* Exercise brief *
Would you please transcribe the data in full and exactly, excluding images?

* Collected material *
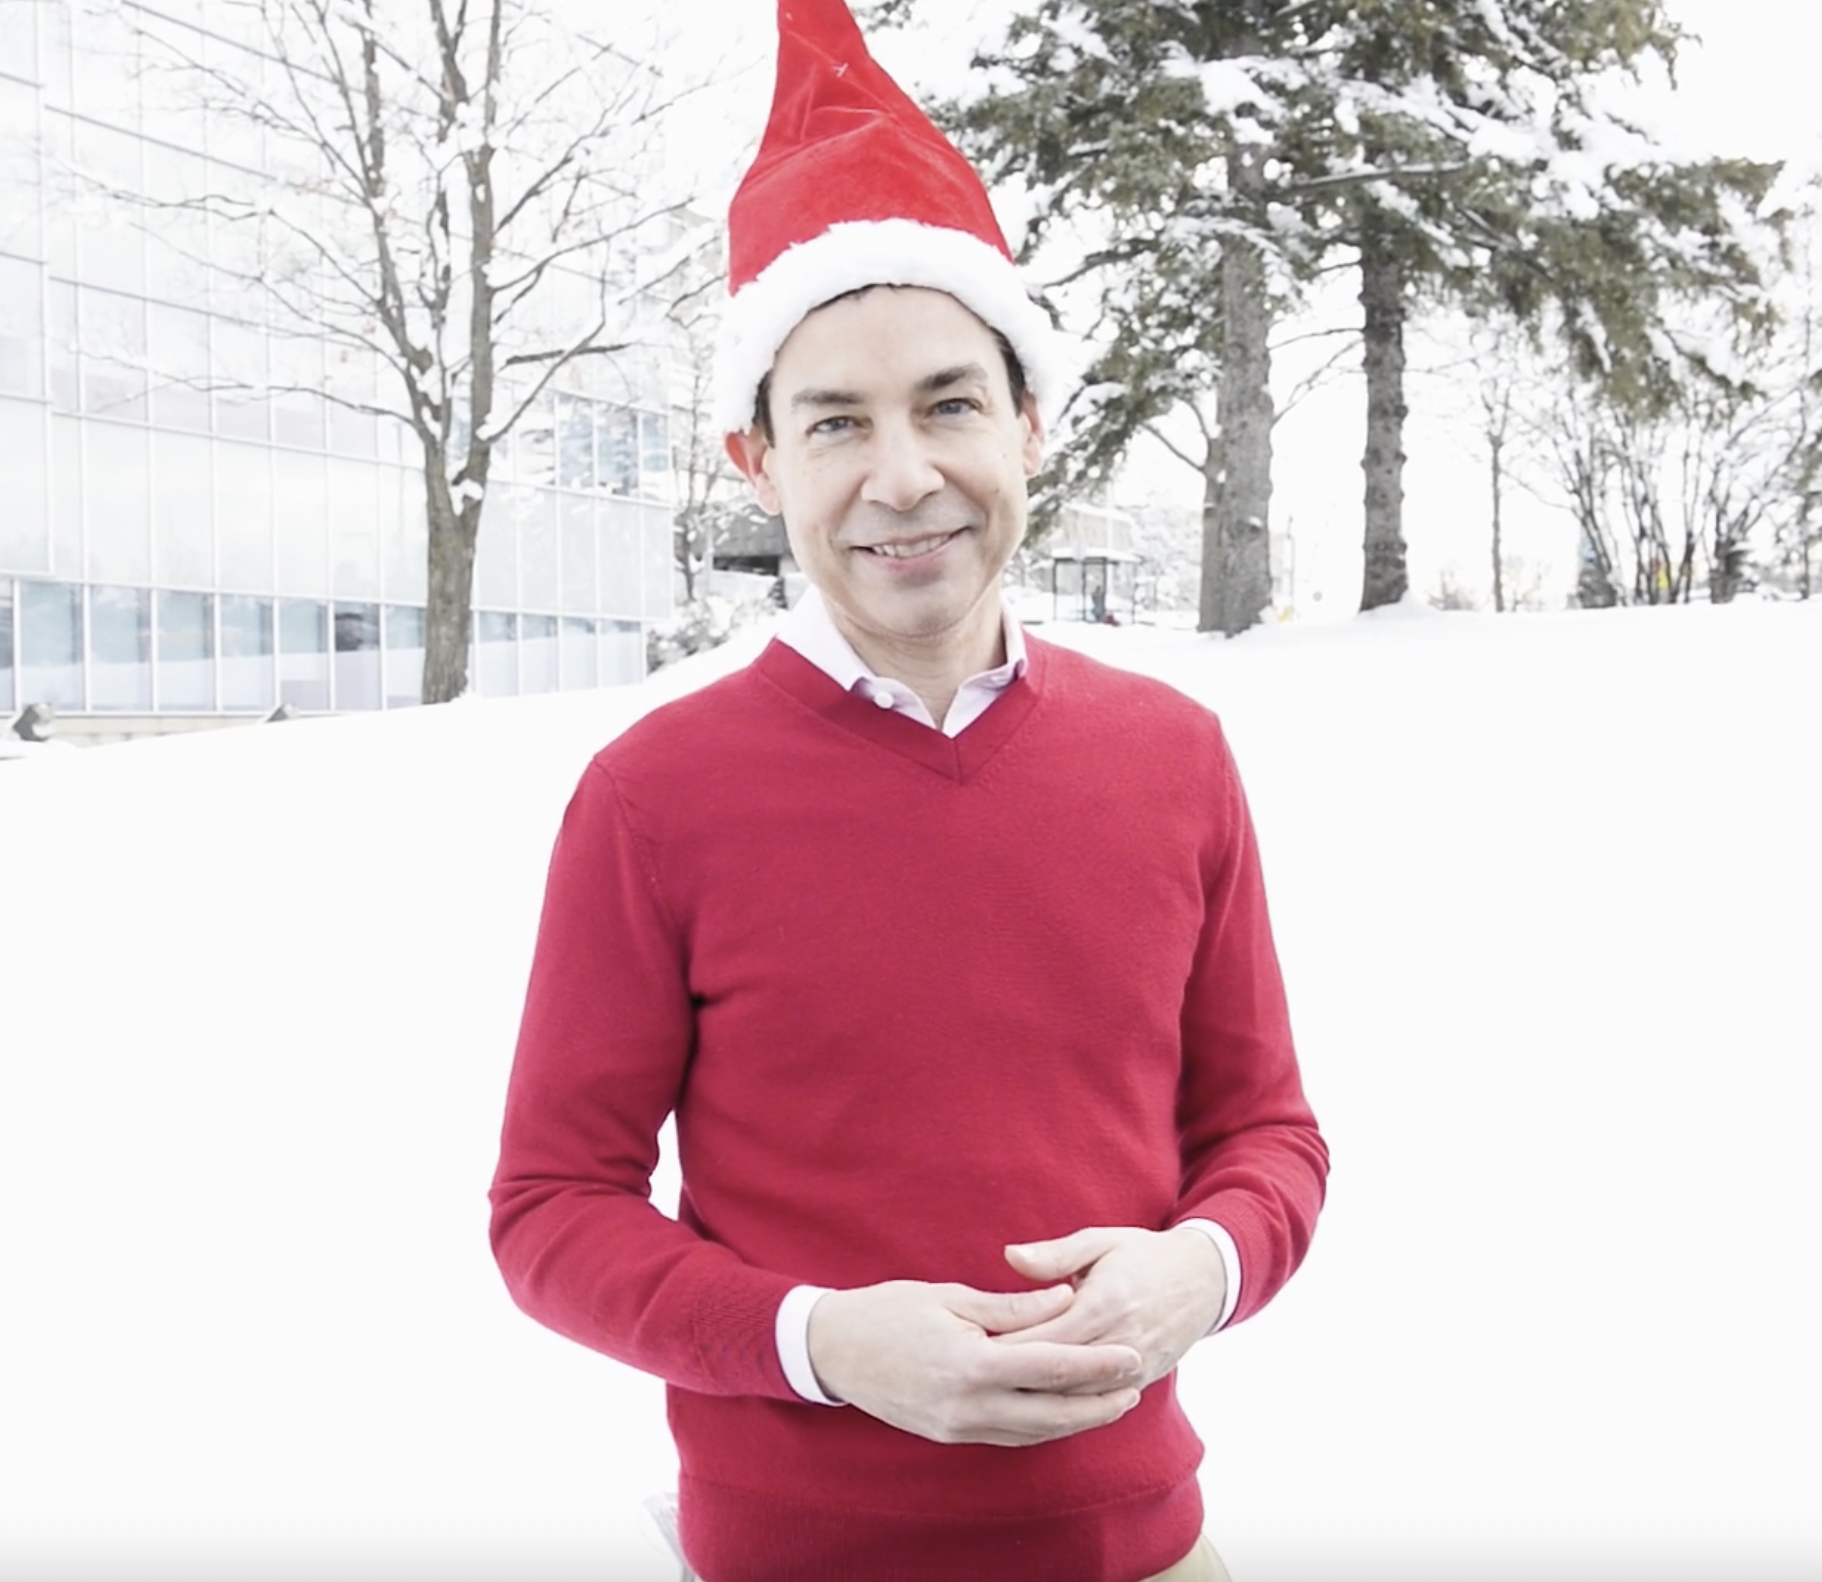 Alex Munter, President and CEO of CHEO, standing outside in a red sweater and santa hat.
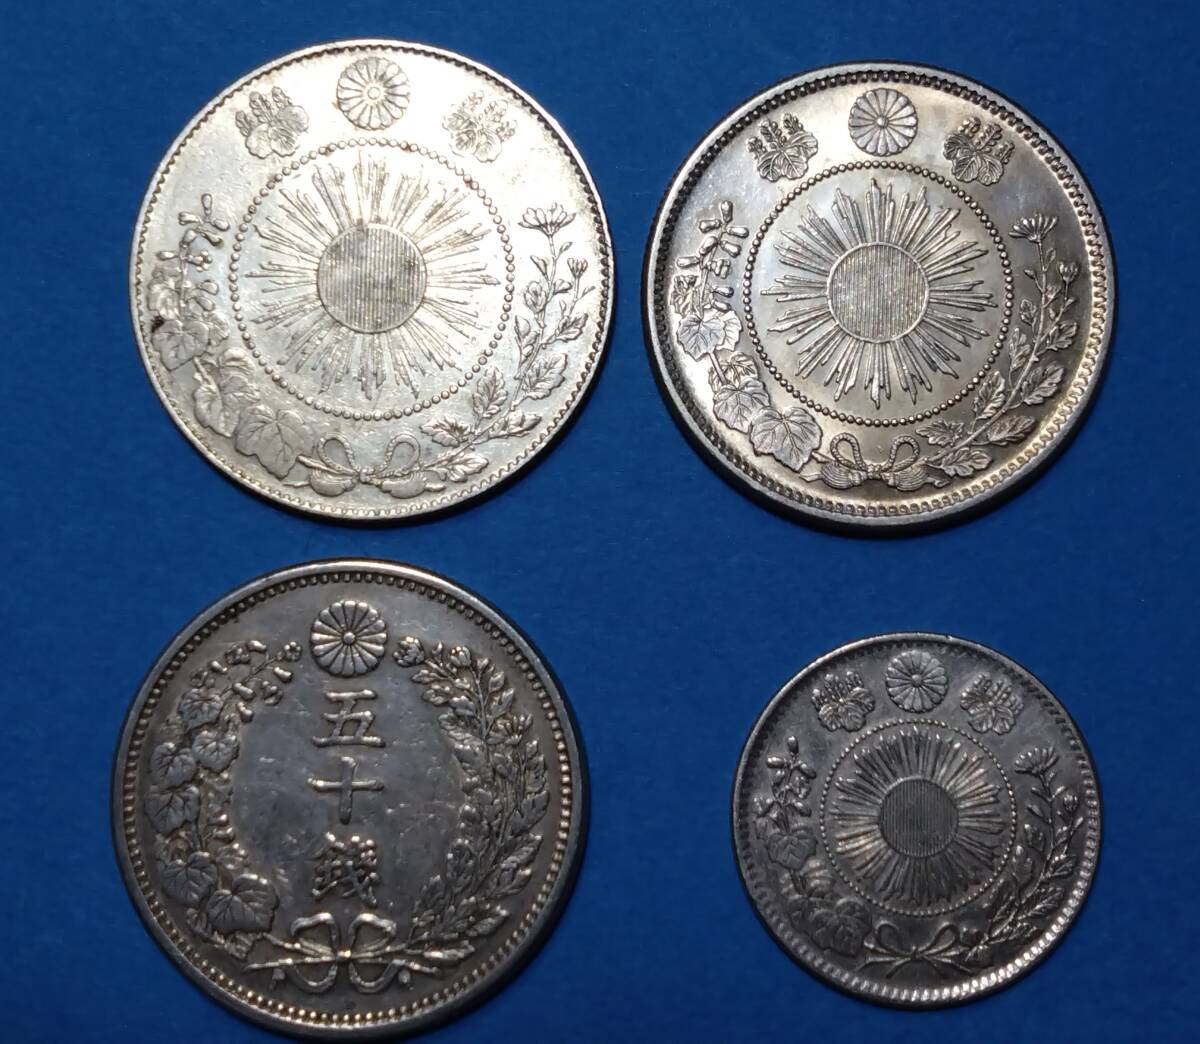  asahi day dragon large silver coin Meiji 4 year latter term molasses leaf . watch stem upper part ream point * asahi day dragon small size silver coin Meiji 4 year * dragon 50 sen silver coin Meiji 6 year missing . branch * asahi day dragon 20 sen silver coin Meiji 4 year missing sen 
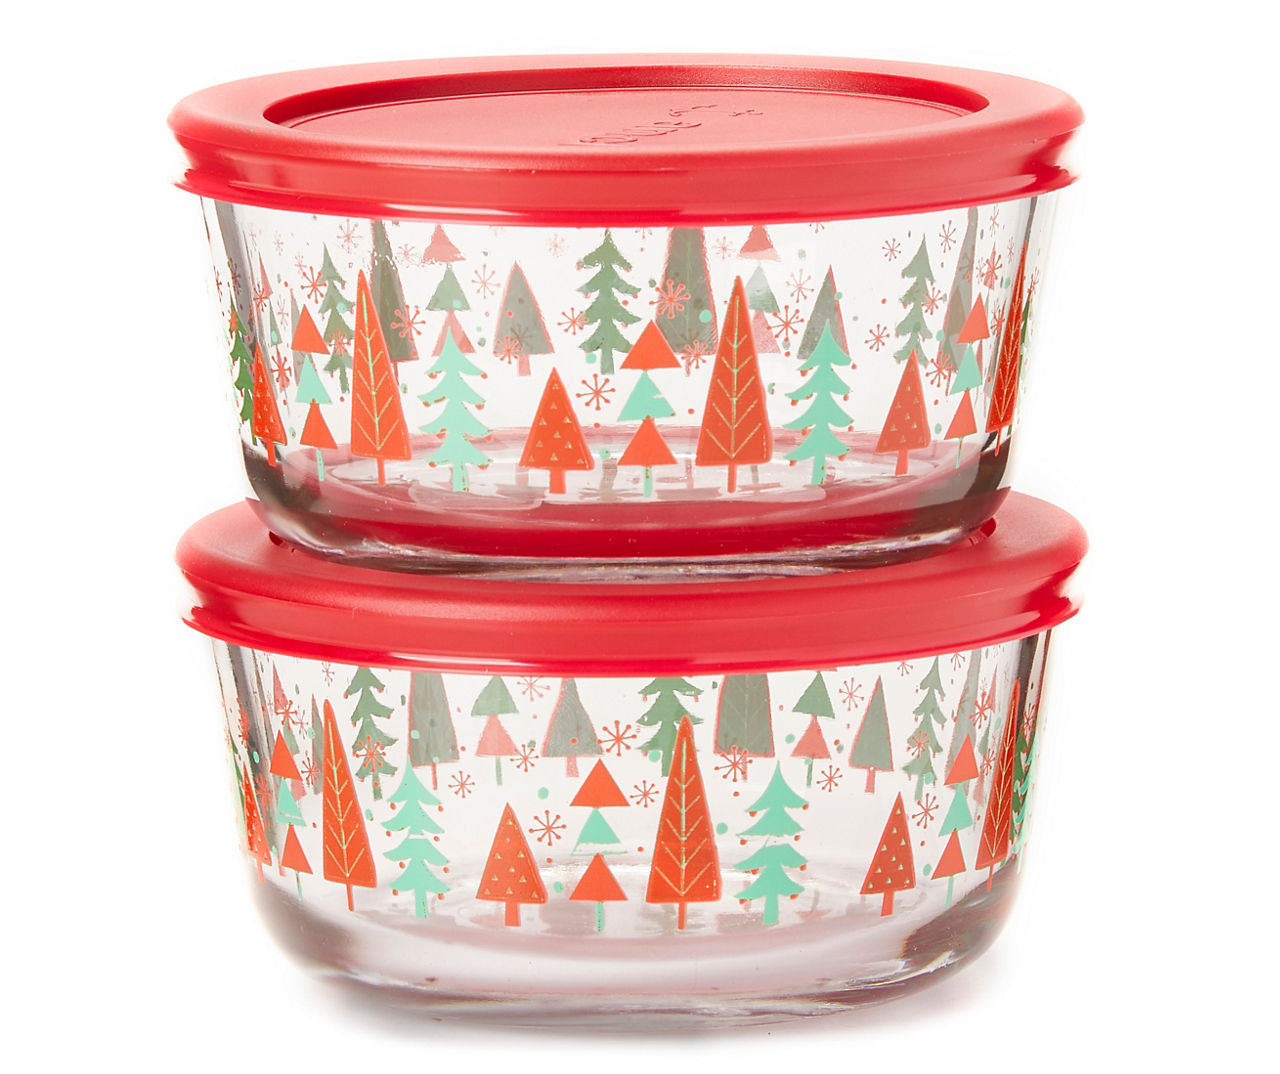 16oz 4pk Glass Food Storage Containers with Lids - Retro Holiday Red

* Solution below *
 Alex Munter, President and CEO of CHEO, standing outside in a red sweater and santa hat.
  asahi day dragon large silver coin Meiji 4 year latter term molasses leaf . watch stem upper part ream point * asahi day dragon small size silver coin Meiji 4 year * dragon 50 sen silver coin Meiji 6 year missing . branch * asahi day dragon 20 sen silver coin Meiji 4 year missing sen 
 16oz 4pk Glass Food Storage Containers with Lids - Retro Holiday Red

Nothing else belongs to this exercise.